How would I implement such ETL in BigQuery while remaining atomic or eventually consistent as possible in terms of data availability and correctness.


EDIT 1: I would like to provide a concrete example to elaborate.

The lowest granularity of uniqueness I have on this dataset is user_id. Rows are not uniquely identifiable.

Example

1.

Updated user object received from mongo change stream:

user={_id: "3", name="max", registered="2018-07-05" q=["a", "b", "c"]}

2.

Current BigQuery.user_q holds

| user_id | q |
...
|    3    | a |
|    3    | b |
...

3.

Transform code loads modified user object into BigQuery.user_q_incoming

| user_id | q |
|    3    | a |
|    3    | b |
|    3    | c |

4.

MERGE between user_q and user_q_incoming:

  1. 2 rows in user_q that belong to user_id 3 are DELETED
  2. 3 rows in user_q_incoming that belong to user_id 3 are INSERTED.
  3. Rest of the data (...) in user_q is left in place, unmodified.

5.

BigQuery.user_q holds

| user_id | q |
...
|    3    | a |
|    3    | b |
|    3    | c |
...

For example user might delete a question from his profile. Leaving the remaining rows to be q=["a", "c"]. I need this to translate into the BigQuery world view as well.

回答1:

INSERT is supported by BigQuery DML

A MERGE statement is a DML statement that can combine INSERT, UPDATE, and DELETE operations into a single statement and perform the operations atomically.

for example

MERGE dataset.Inventory T
USING dataset.NewArrivals S
ON FALSE
WHEN NOT MATCHED AND product LIKE '%washer%' THEN
  INSERT (product, quantity) VALUES(product, quantity)
WHEN NOT MATCHED BY SOURCE AND product LIKE '%washer%' THEN
  DELETE   

so, you should be good to go with your ETL

EDIT based on more specific details added to question

Ok, I see - I think in this case MERGE will not apply as INSERT can be done ONLY for NOT MATCH clause. Someone might figure out how to trick MERGE to work in this case, but meantime below solution does what you want to achieve - i think so :o)

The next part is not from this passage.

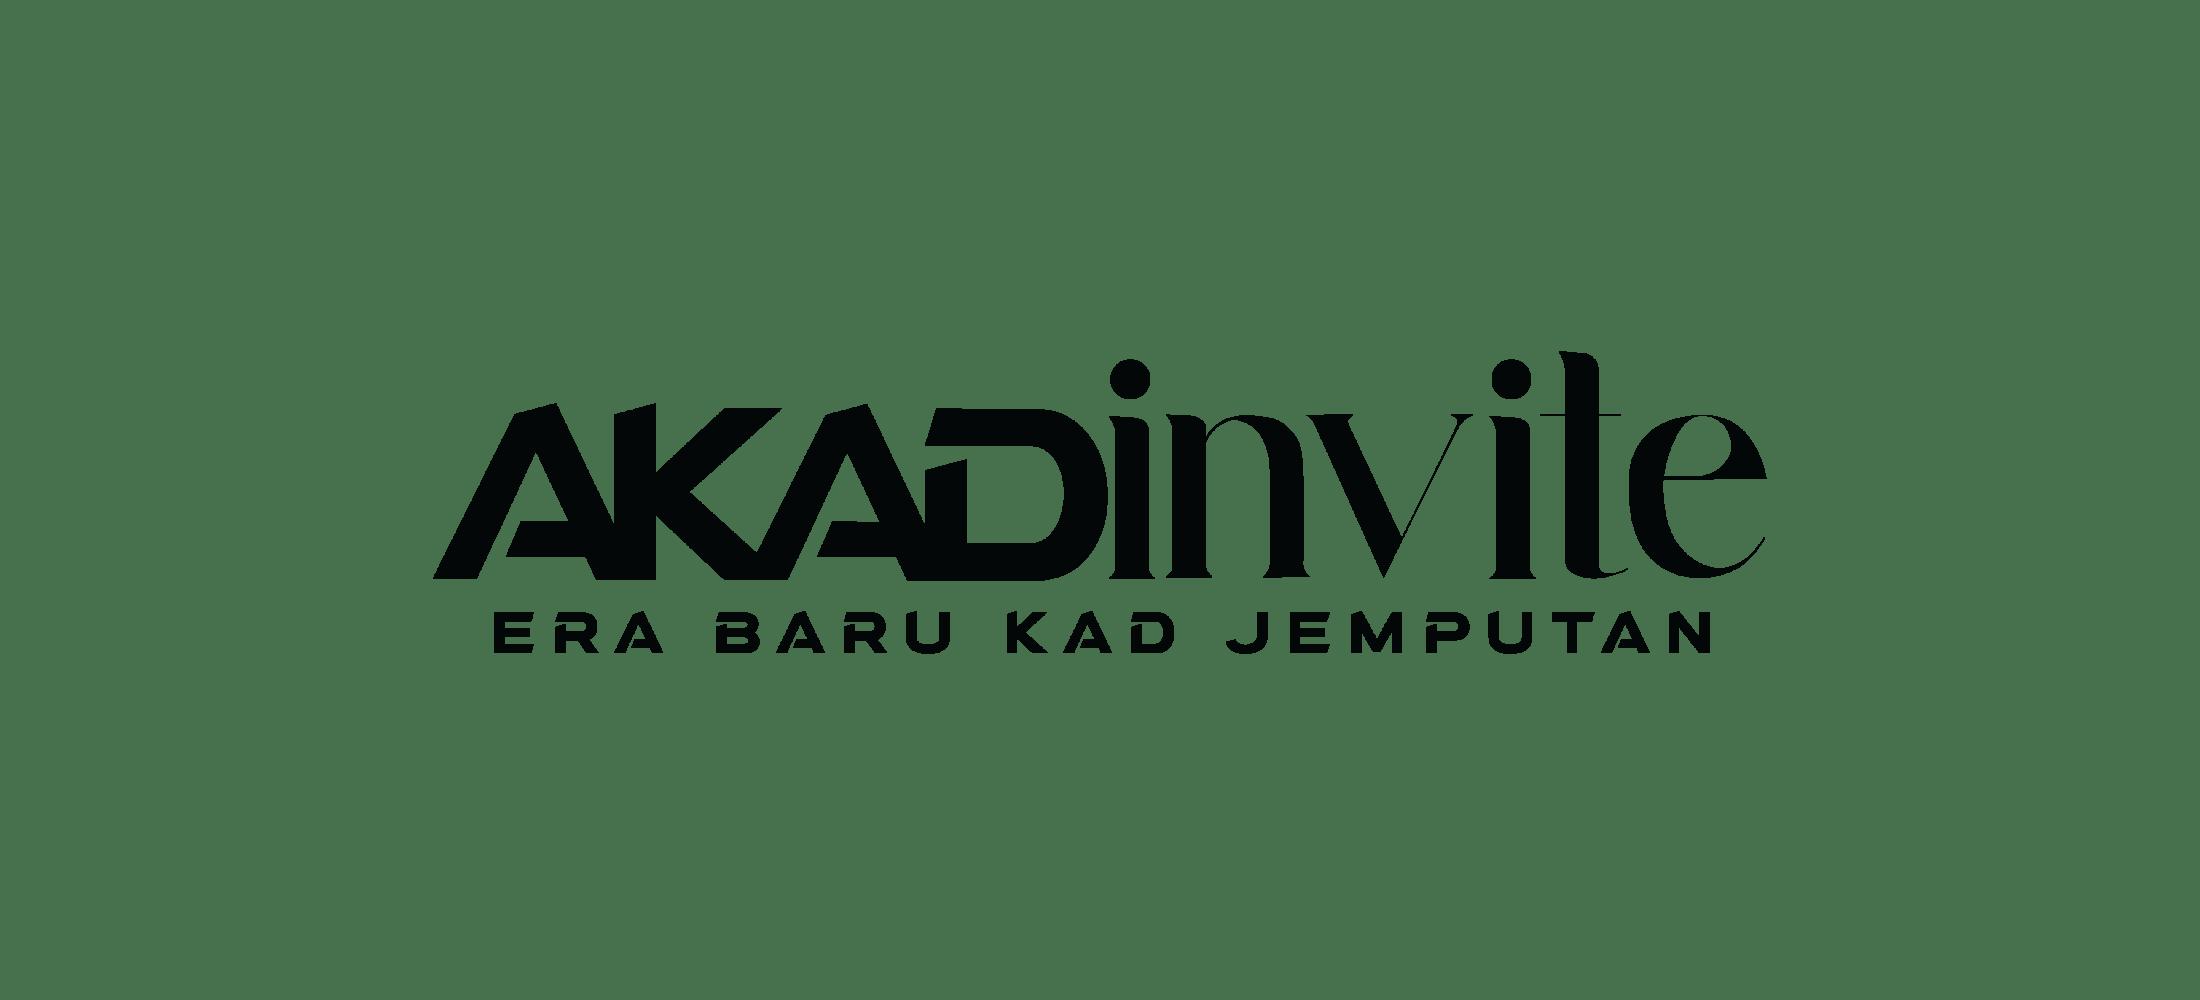 akadinvite2

CREATE OR REPLACE TABLE `project.dataset.user_q` (user_id INT64, q STRING) AS
SELECT * FROM `project.dataset.user_q`
WHERE NOT user_id IN (SELECT DISTINCT user_id FROM `project.dataset.user_q_incoming`)
UNION ALL
SELECT * FROM `project.dataset.user_q_incoming`
WHERE user_id IN (SELECT DISTINCT user_id FROM `project.dataset.user_q`)


回答2:

There is a similar question and one walk-around to make MERGE work (https://issuetracker.google.com/issues/35905927#comment9).

Basically, something like following should work,

MERGE `project.dataset.user_q` T
USING (
  SELECT *, false AS is_insert FROM `project.dataset.user_q_incoming`
UNION ALL
  SELECT *, true AS is_insert FROM `project.dataset.user_q_incoming`
) S
ON T.user_id = S.user_id and NOT is_insert
WHEN MATCHED THEN
  DELETE
WHEN NOT MATCHED AND is_insert THEN
  INSERT(user_id, q) VALUES(user_id, q)

Ideally, following is what you need, but it's not supported yet.

MERGE `project.dataset.user_q`
USING `project.dataset.user_q_incoming`
ON FALSE
WHEN NOT MATCHED BY TARGET THEN
  INSERT(user_id, q) VALUES(user_id, q)
WHEN NOT MATCHED BY SOURCE AND user_id in (SELECT user_id FROM `project.dataset.user_q_incoming`) THEN
  DELETE